Un tel afflux d’hommes blancs en armes ne passe pas inaperçu à Goma. Ils installent leur QG, gardé comme une forteresse, à l’hôtel Mbiza non loin de l’aéroport, ont interdiction de sortir le soir ou de boire de l’alcool. Horatiu Potra, de son côté, ne néglige pas ses propres affaires et prend notamment des parts dans une loterie de jeux de hasards, Inua Maisha, selon le site Africa Intelligence. Mais les «Romeos» comme on appelle ces mercenaires roumains, vont vite déchanter. Les combats sont féroces et dés la fin 2022, au moins cinq d’entre eux seront tués sur le front ou dans des embuscades. Bucarest confirmera deux autres décès en février 2024. Surtout, les alliés des mercenaires restent peu fiables. Outre les FARDC peu motivées à combattre pour un salaire de misère, plusieurs groupes armés, parmi les quelque 200 qui pullulent dans la région, ainsi que de simples civils, ont été encouragés par Kinshasa à rejoindre la lutte contre le M23. Tous regroupés sous le vocable de «wazalendos», les patriotes. Après avoir bénéficié de distributions d’armes massives, ces renforts se révéleront plus prédateurs que guerriers. N’hésitant pas à rançonner ou enlever de simples citoyens à Goma, où l’insécurité va grimper en flèche.

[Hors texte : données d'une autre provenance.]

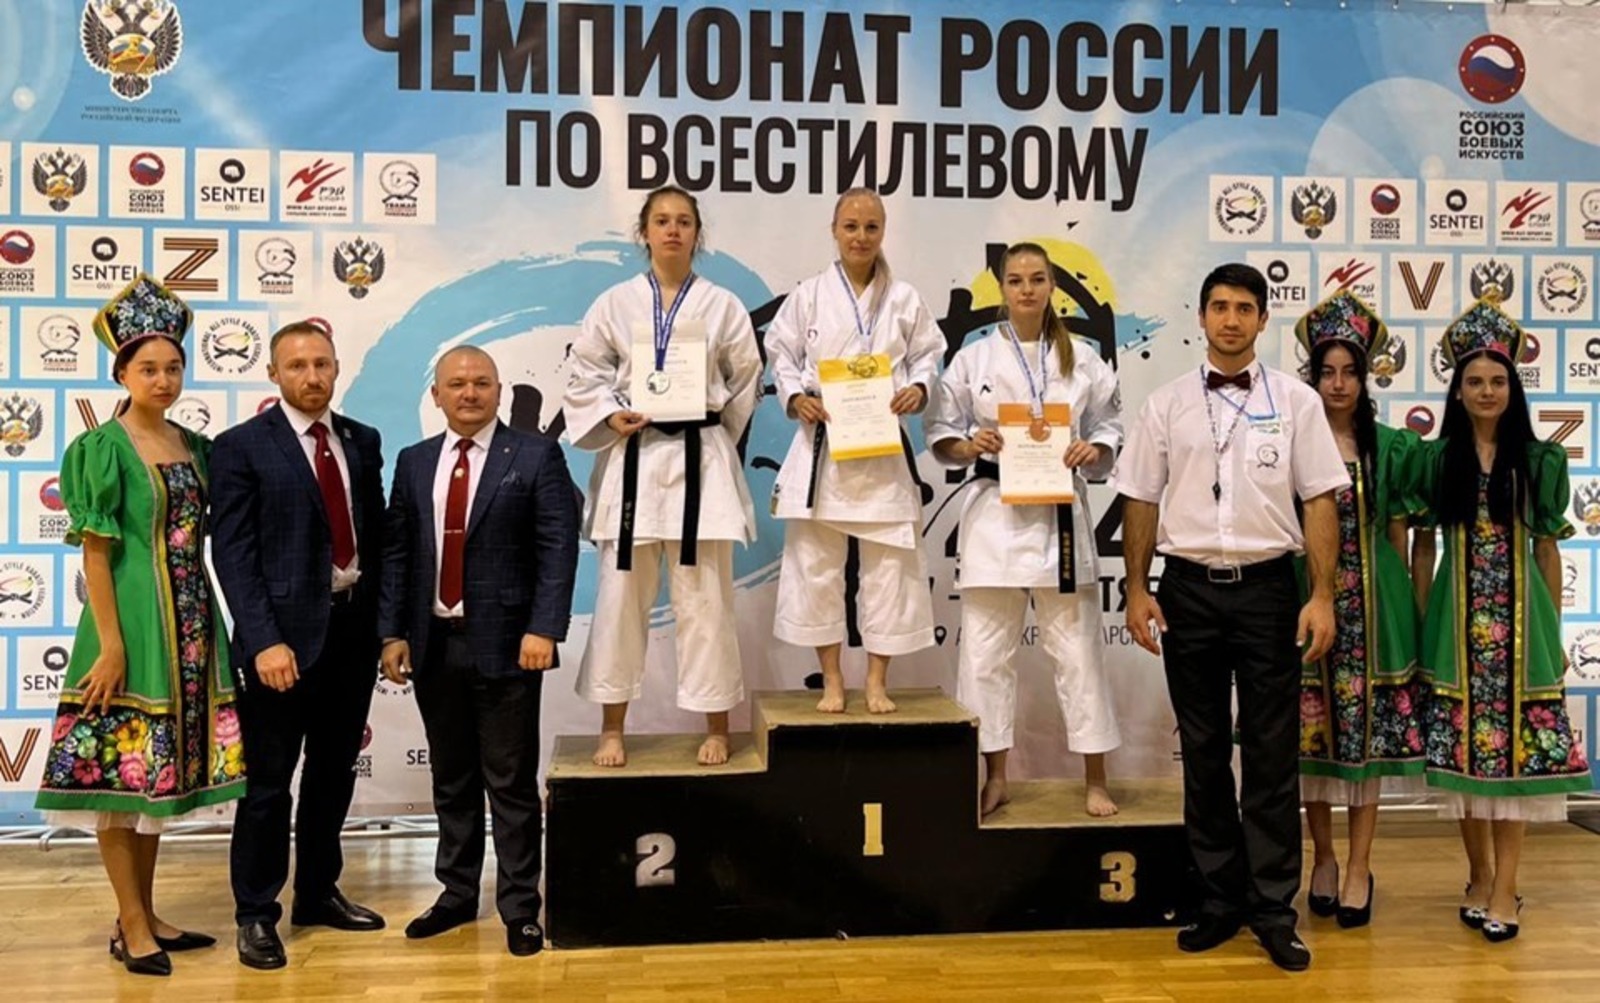 Спортсменки Башкирии выиграли золото на чемпионате России по всестилевому карате

Pour les mercenaires et cette hétéroclite coalition gouvernementale, le coup fatal est porté fin janvier 2025, lorsque le M23 s’empare de Goma. Réfugiés dans une base de la Monusco, la mission de maintien de la paix de l’ONU sur place, quelque 288 mercenaires roumains vont négocier leur reddition au terme d’intenses tractations. Le 29 janvier, le spectacle est soigneusement orchestré par les forces rebelles : sous l’œil des caméras, ces mercenaires blancs sont exhibés, agenouillés en file indienne, au poste frontière entre la RDC et le Rwanda, d’où ils repartent vers la Roumanie. Mais où se trouve le reste des hommes recrutés par Potra, qui en a dirigé jusqu’à un millier ? Début mars, une vidéo partagée sur les réseaux sociaux montre des hommes blancs déchargeant des munitions d’un hélicoptère du côté d’Uvira à la frontière avec le Burundi. Selon certaines sources, une partie des mercenaires se seraient redéployés autour de la ville de Kisangani, à plus de 600 km de Goma. D’autres auraient fui par le Burundi. Leur chef ne leur sera d’aucun secours. Alors que des négociations de paix entre le pouvoir et les rebelles devraient démarrer ce mardi 18 mars en Angola, Horatiu Potra est en fuite. Une déroute qui l’aura mené des rives du lac Kivu jusqu’aux faubourgs de Bucarest.